--- DATA SUPPLIED Enclosed Below ---

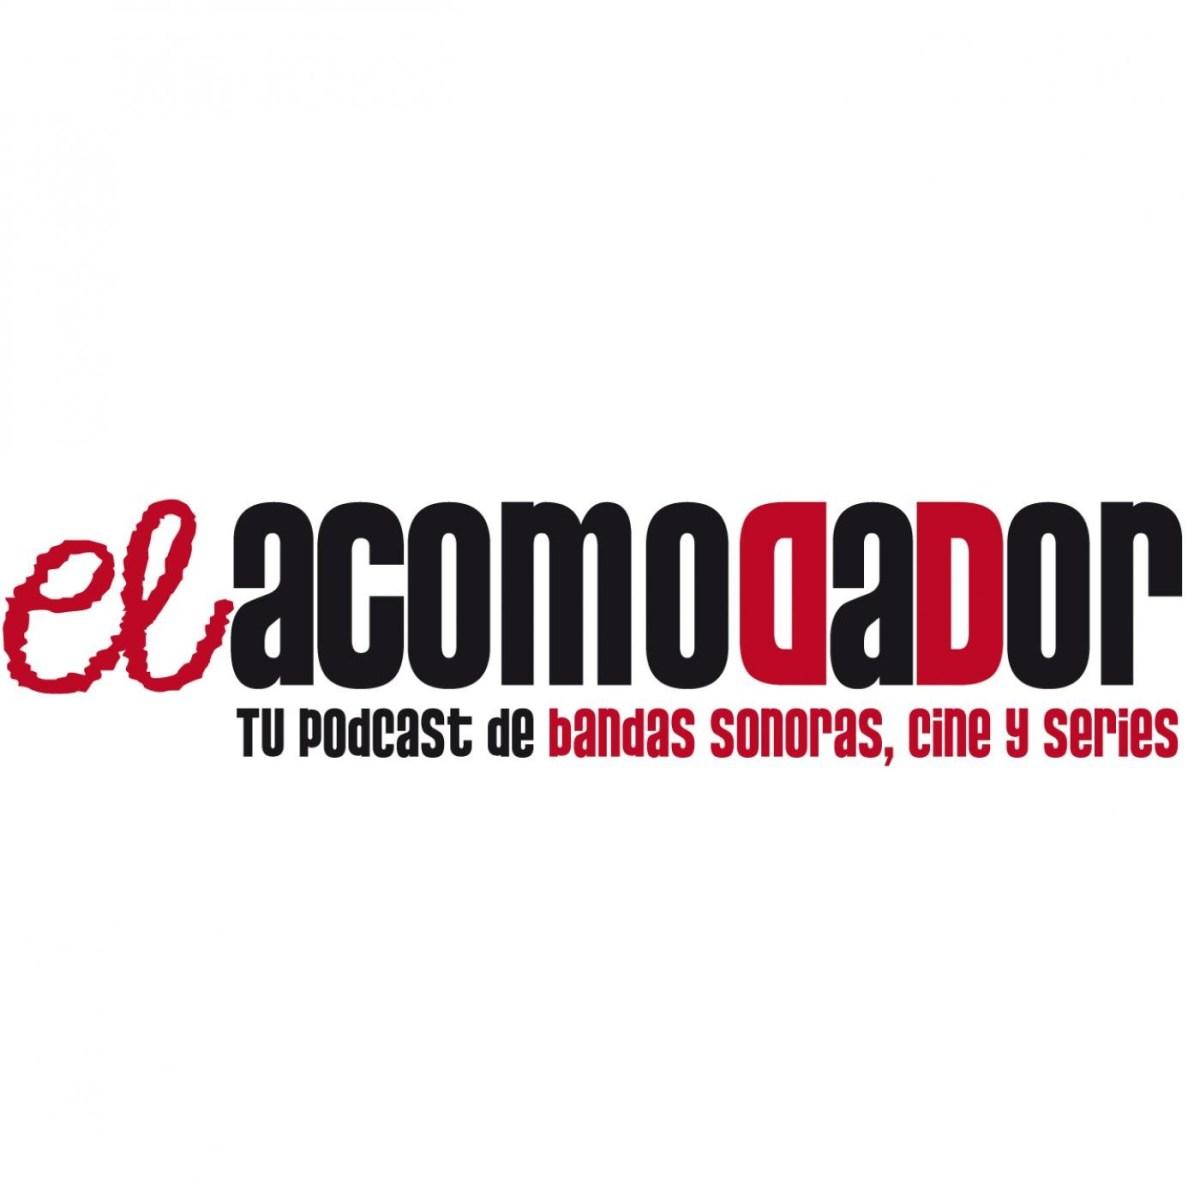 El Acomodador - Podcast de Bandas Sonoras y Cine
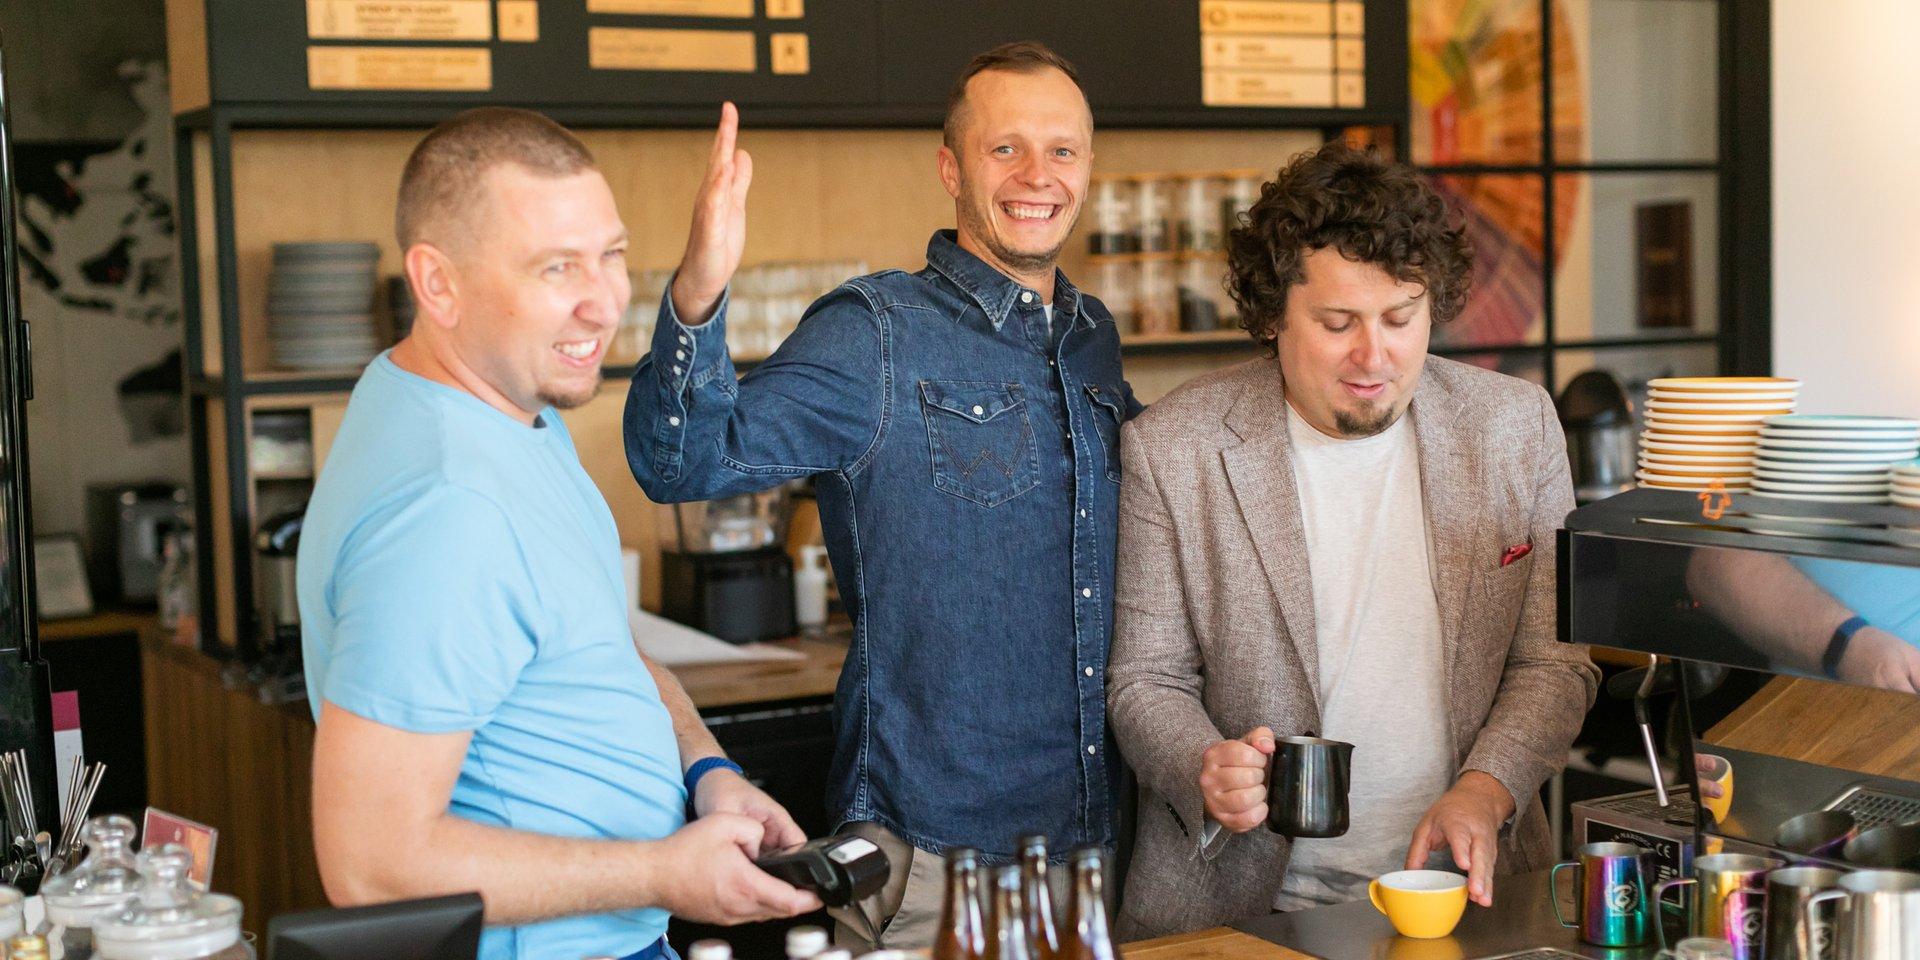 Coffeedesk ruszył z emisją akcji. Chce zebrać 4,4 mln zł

--- End of Enclosed DATA SUPPLIED ---
--- DATA SUPPLIED Enclosed Below ---

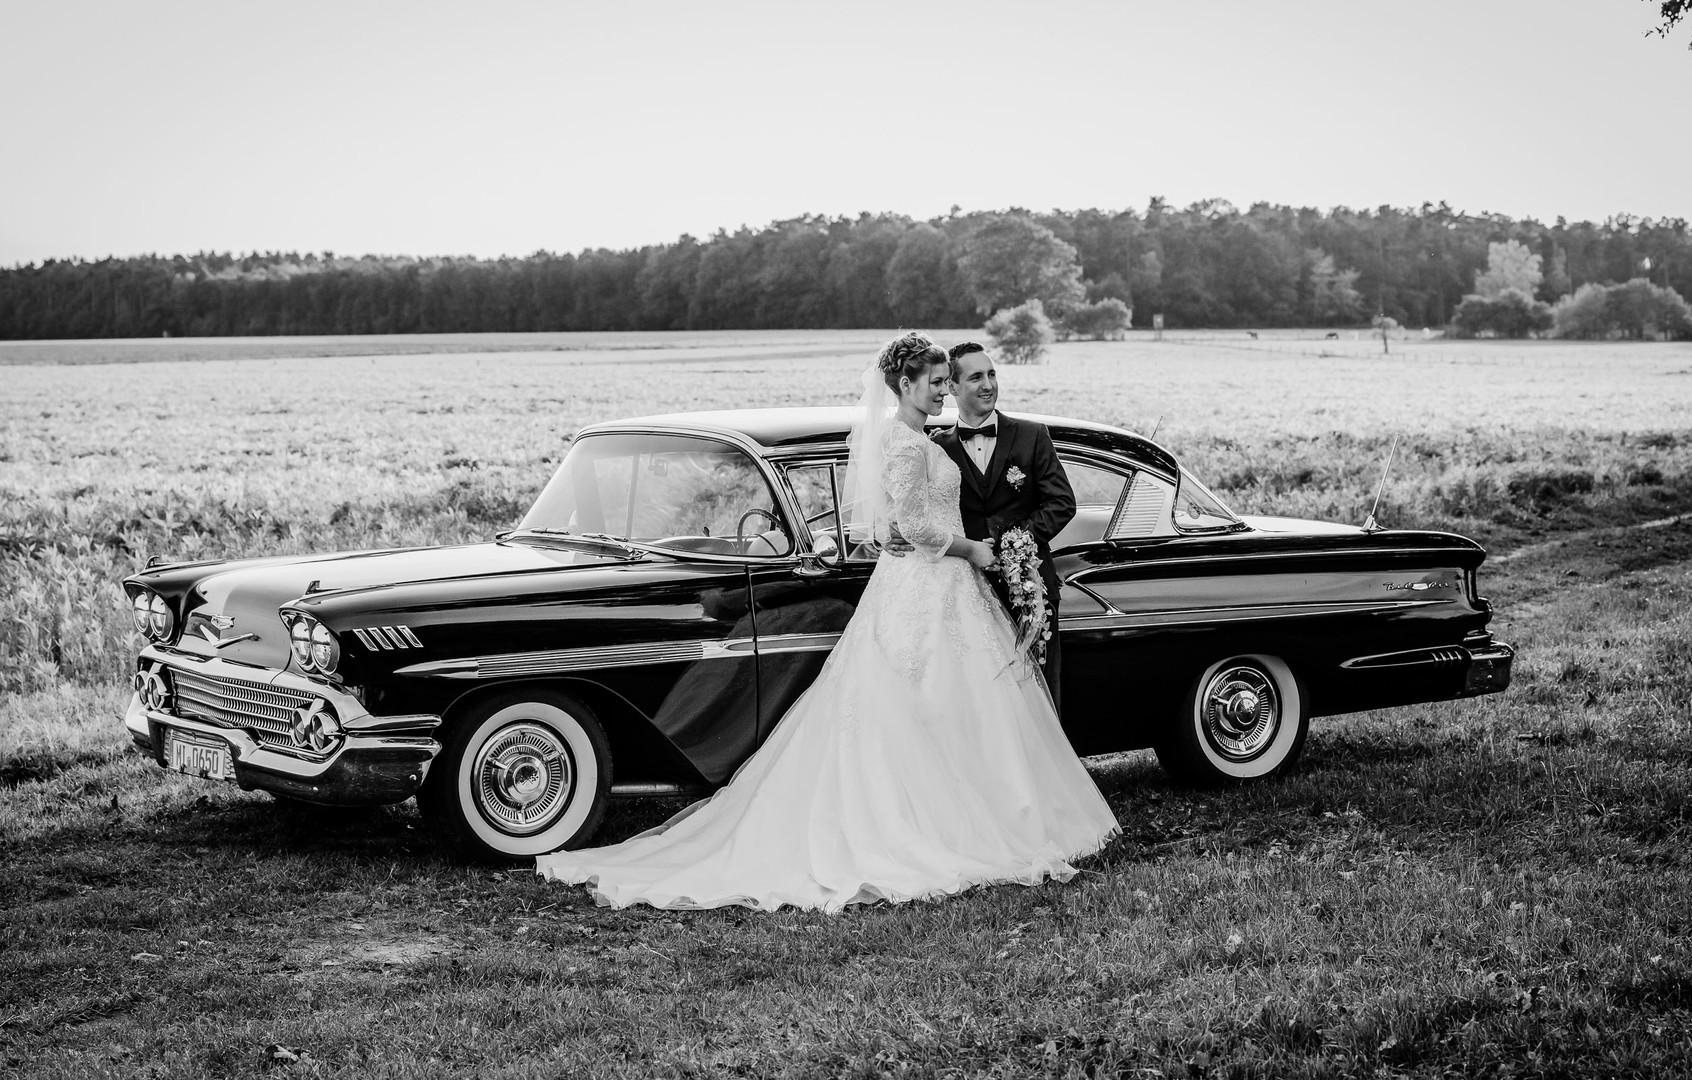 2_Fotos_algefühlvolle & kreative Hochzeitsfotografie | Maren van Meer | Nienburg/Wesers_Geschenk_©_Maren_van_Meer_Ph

--- End of Enclosed DATA SUPPLIED ---

**TASK ITEM:**
Would you please repeat only the lines above, beginning at the one that has "El Acomodador - Podcast" and stopping after the one that has "Coffeedesk ruszył z", exactly and with no pictures?

**RESPONSE AREA:**
 El Acomodador - Podcast de Bandas Sonoras y Cine
 Coffeedesk ruszył z emisją akcji. Chce zebrać 4,4 mln zł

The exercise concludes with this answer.